Take a minute and try to remember back to your high school biology class. From everything I’ve ever been told, DNA is comprised of four basic nucleic acids – cytosine, guanine, adenine and thymine. The way these four bases are connected are represented in the DNA strands you see in print sometimes that look a bit like a word search puzzle (TACGGCTACATGC and so forth).
But apparently that’s not the end of the story.
Like everything else in the world, these compounds are formed by specific atomic structures of the elements. And every now and then, a slight switch in the structure of cytosine results in the creation of a slightly different version of the base nucleic acid. So with the addition of 5-methylcytosine (5-mC), there are actually five different base nucleic acids used in DNA.
But apparently that’s not the end of the story, either.
In a new paper just published by the University of Chicago’s Chuan He, there’s a sixth nucleic acid, which is yet another minor alteration to 5-mC. In short, one branch of the molecule (H3C) is replaced with another (HO) to create 5-hydroxymethylcytosine (5-hmC).
Say that five times fast.
I’m not going to try to pretend that I really understand what all that means, or that I can even successfully pronounce all of that on a consistent basis. But this much I do know for sure – the use of these slight variations of cytosine makes a different.

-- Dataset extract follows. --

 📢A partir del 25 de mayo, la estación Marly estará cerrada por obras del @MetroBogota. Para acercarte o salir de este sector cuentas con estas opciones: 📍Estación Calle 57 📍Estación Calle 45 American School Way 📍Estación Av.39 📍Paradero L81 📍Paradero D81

The new paper describes a technique recently devised that allows researchers to map the presence of 5-hmC throughout the genome. It’s close cousin 5-mC typically is found on genes that are turned off and helps silence genes that aren’t supposed to be turned on. But it appears that this new version is enriched on active genes, especially brain cells.
Another difference with 5-mC is that 5-hmC is usually on only one side of the DNA. In contrast, 5-mC is most often found symmetrically. Overall, 5-hmC is around 14 times less abundant than 5-mC. Even at sites where 5-hmC is the most abundant, it is still present at about one fifth the frequency as 5-mC.

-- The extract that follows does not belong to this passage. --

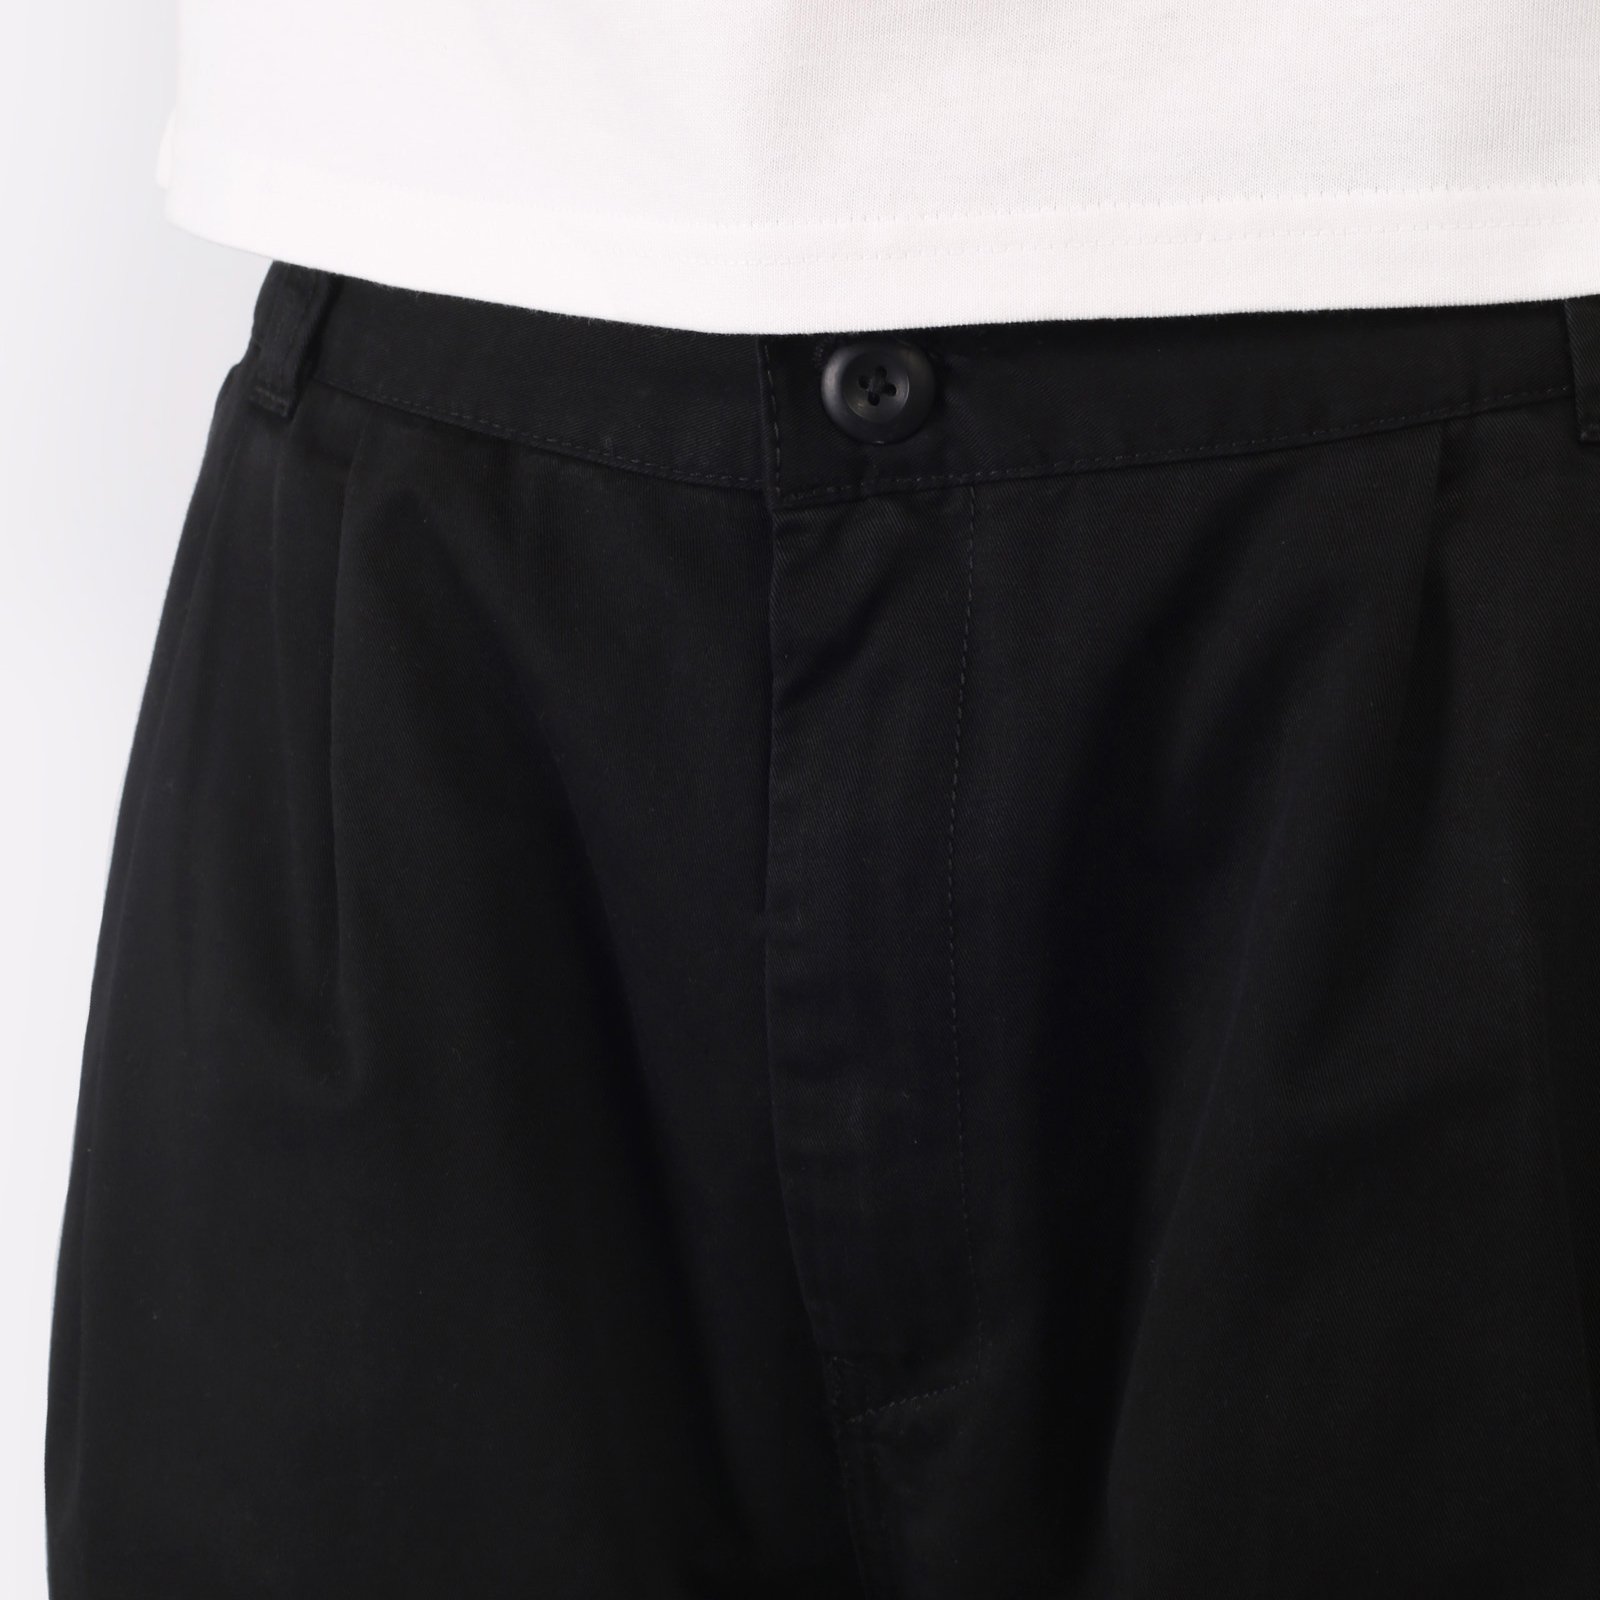 мужские брюки Carhartt WIP Marv Pant  (I033129-black)  - цена, описание, фото 4

Also, previous research has found that 5-hmC is 10 times more abundant in brain than in stem cells, so it may have an especially important role there. The only way to find out is for future research projects that use this new technique to find when 5-hmC is present and how it affects the DNA of which it is a part.
Along with colleagues at the Ludwig Institute for Cancer Research, the University of California, San Diego, and Emory University, Chuan He intends to do just that.